Tuesday, October 2nd, 2007

Imagine if you walked into Scotland Yard to report a crime involving children, only to be given a telling off, before you’d opened your mouth, about the dire penalties for wasting police time. And that your complaints would be forwarded to a watchdog – and that you’d better come back with a lawyer.

That’s how a group of parents feel after seeing photographs of their kids defaced on Orkut.
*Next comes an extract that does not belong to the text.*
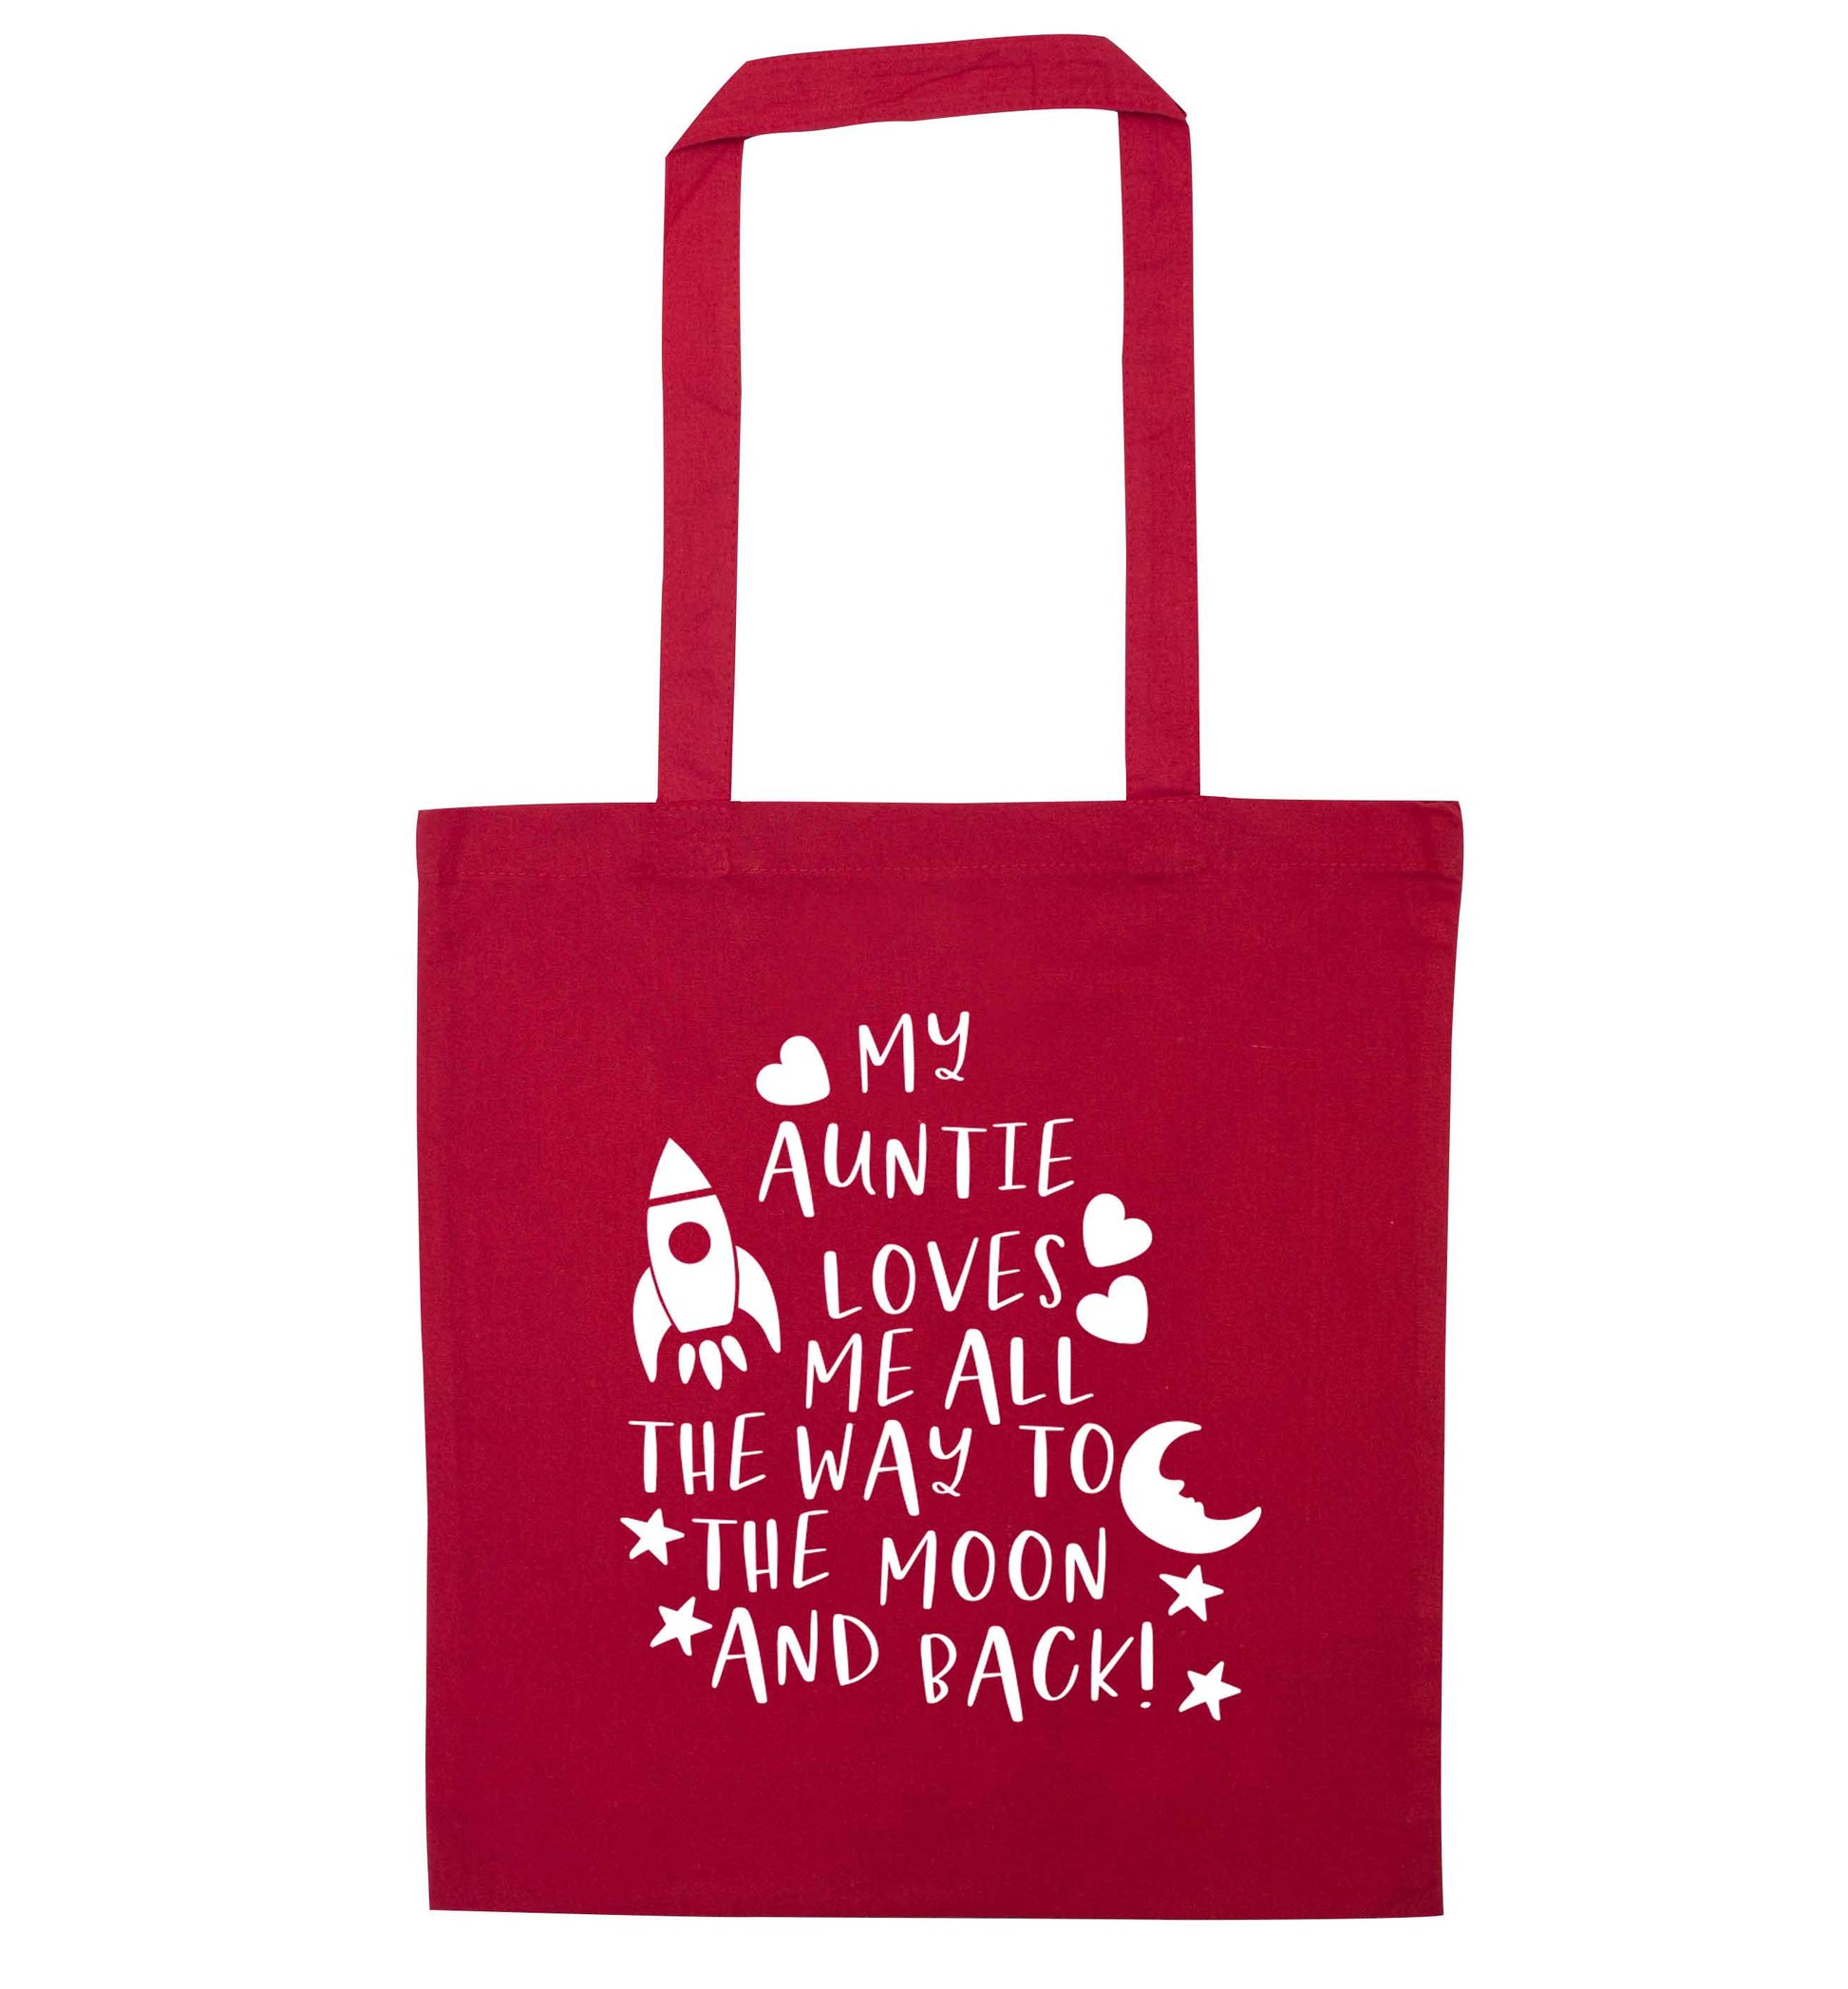 My auntie loves me all the way to the moon and back red tote bag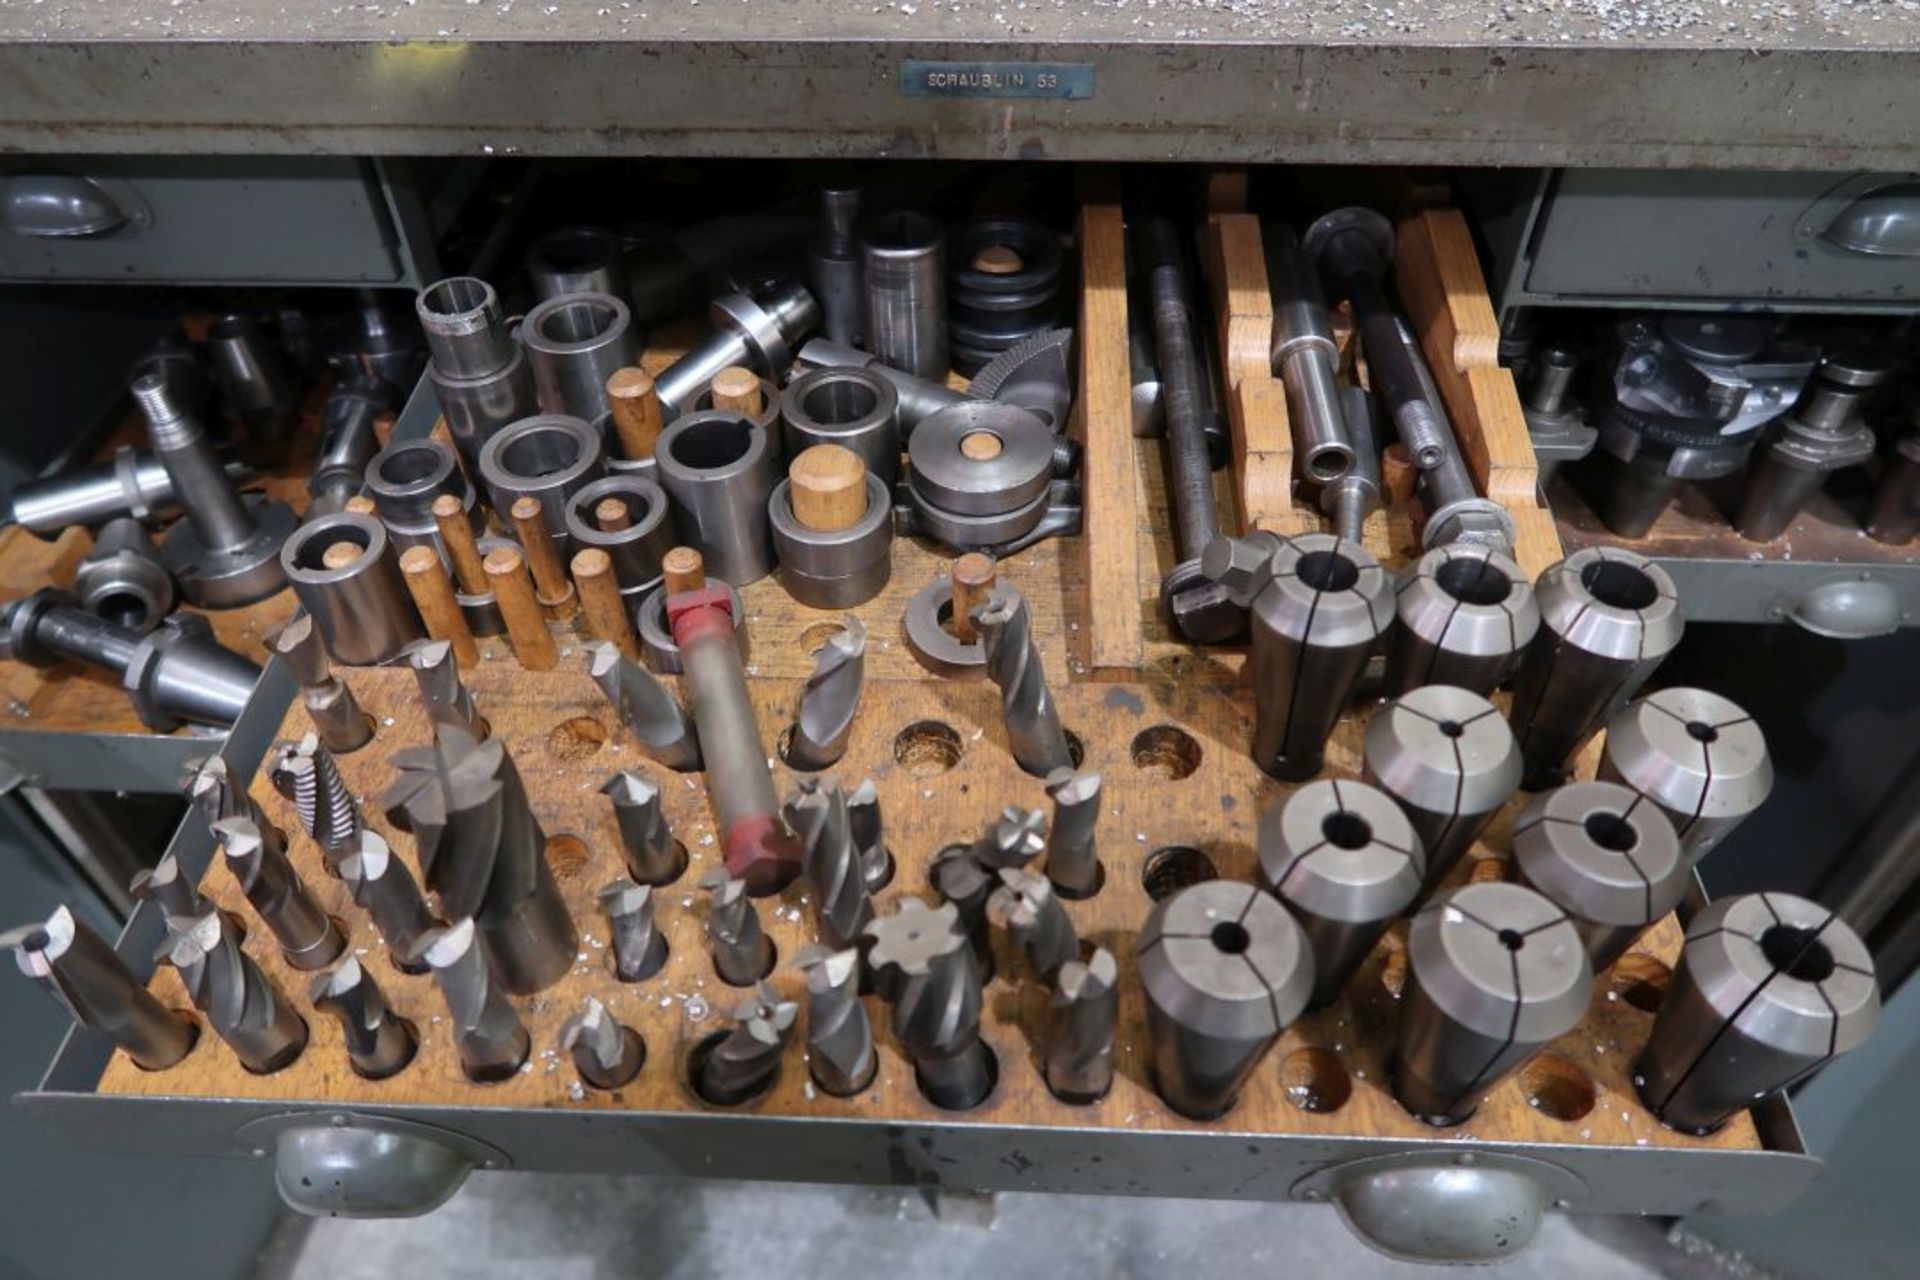 SHAUBLIN MOD: 53 UNIVERSAL HORIZONTAL MILLING MACHINE W/ CUTTING TOOLS, COLLETS, HOLDERS, INDEXING - Image 3 of 6

Members of Google’s social network created “mash-ups” of photographs originally posted to Flickr – adding text, some of which contained sexual innuendo, for children as young as five.

The upset parents turned to the provisions of the Digital Millennium Copyright Act (DMCA), which permits private copyright holders to deal with infringement, without going through a lawyer.

Now if you only read WiReD magazine or anti-copyright bloggers, you’d think the DMCA was only ever abused by corporate bullies: the Act is notorious for being deployed under dubious pretexts in a small number of high profile cases.

However, it’s also been used by thousands of individuals, including many artists, and remains the most powerful tool for the ordinary citizen to seek redress without expensive litigation. It’s a question of filling out a simple form.

Not that you’d ever guess from Google’s page for DMCA complaints. The web advertising giant turns the presumption of guilt back onto the complainer.